Montessori Alliance

Being Included in the Child’s Play – Admin #11

Posted by Administrator on May 24, 2019

Today was a very sunny day so we spent a lot of time making the most of it in the garden.  One of the children Kevin, for whom English is a second language tends not to speak unless he has to.  He likes to blow bubbles and today we had a different wand for blowing bubbles.  We played side by side, me with the small bubble wand and Kevin with the long bubble wand. Kevin enjoyed the challenge of making bubbles with the big bubble wand.  At times he asked me to hold the bubble solution container and I choose to regard this as his way of asking me to participate in his activity.  When the bubble solution ran low I asked Kevin if he wanted more to which he replied “yes”.  In hindsight I should have asked him an open question to encourage conversation, something like “what should we do?” or “how can we get more bubbles?” My life seems to be full of ‘if onlys’!

At one point Kevin spotted a pair of pink princess sunglasses which were just out of his reach.  Kevin didn’t directly ask for them but he pointed to them and said “those”.  I asked him if he wanted the sunglasses and he said “yes”.  I got them and I said “thank you” as I gave them to him.  It may seem a little odd to say thank you when you’re giving something to someone but it was out of my mouth before I knew I had said it. A throwback to my days of trying to instill manners in my own children.  I think I said it to prompt Kevin to say it back to me or to alert him to the response he should give when someone gives him something.  If that was the case then I should have been clearer and said “when someone gives you something it’s nice to say ‘thank you’” and left the rest up to him (another ‘if only’).

Kevin wanted me to put the sunglasses on; I said “no” and explained that I couldn’t because I already had glasses on.  Why I said that is beyond me.
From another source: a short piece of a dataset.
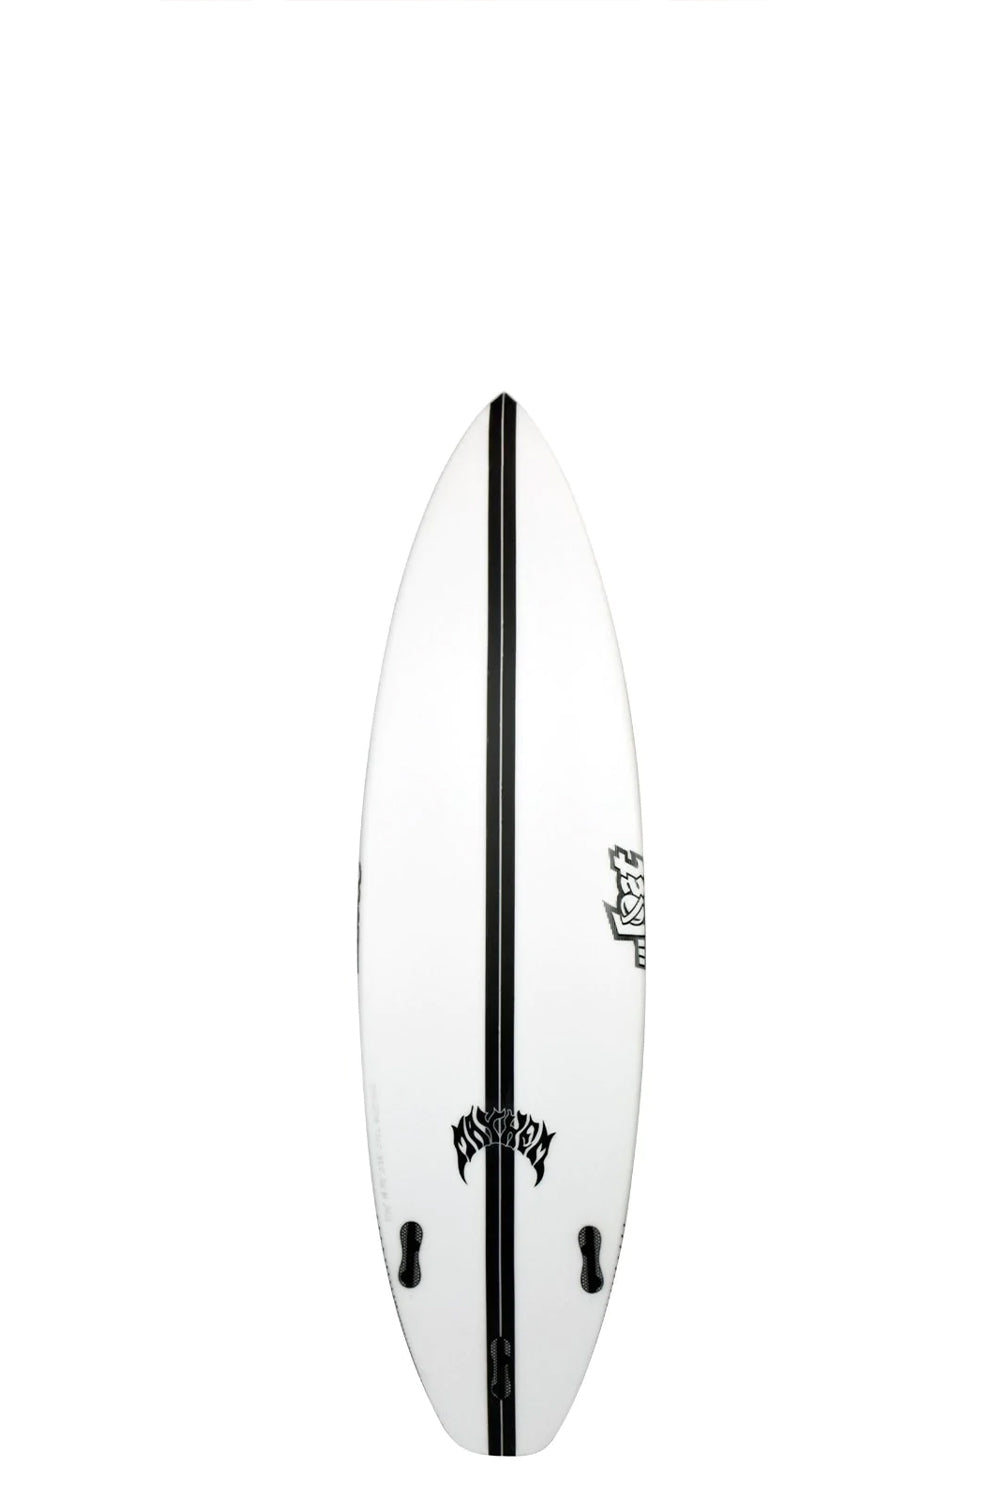 Lost Surfboards Driver 2.0 GROM Lightspeed EPS Surfboard | Sanbah Surf

I could have taken off my glasses and put on the princess glasses. I think I refused because without my glasses I can’t see very well or at all but that’s a flimsy excuse.

Kevin put on the glasses and then took them off, pointed to the princess on the side of the glasses frame and said they were for girls.  K put the glasses on again but this time put them on upside down;

Me: “it looks like you have a moustache (smiling).  Do you want me to take your photo so you can see what they look like on you?”

Kevin: “yes”

He gave a big beautiful smile while I took the photo. I showed him the photo.

Kevin, pointing at the symbol (heart) in the middle of the glasses on the bridge of his nose said, “it’s magic!”

Me: “what does it do?”

I didn’t understand what he said it did but I pressed it and he took the glasses off so maybe the heart symbol was like an eject button. More importantly Kevin seemed to be happy with my action because he took the glasses and gave them to one of his peers and they both played with them.  I was forgotten about as the play moved on.  It was a brief inclusion into the world of the child; for a few minutes I had been a playmate; I felt honoured and hungry for more.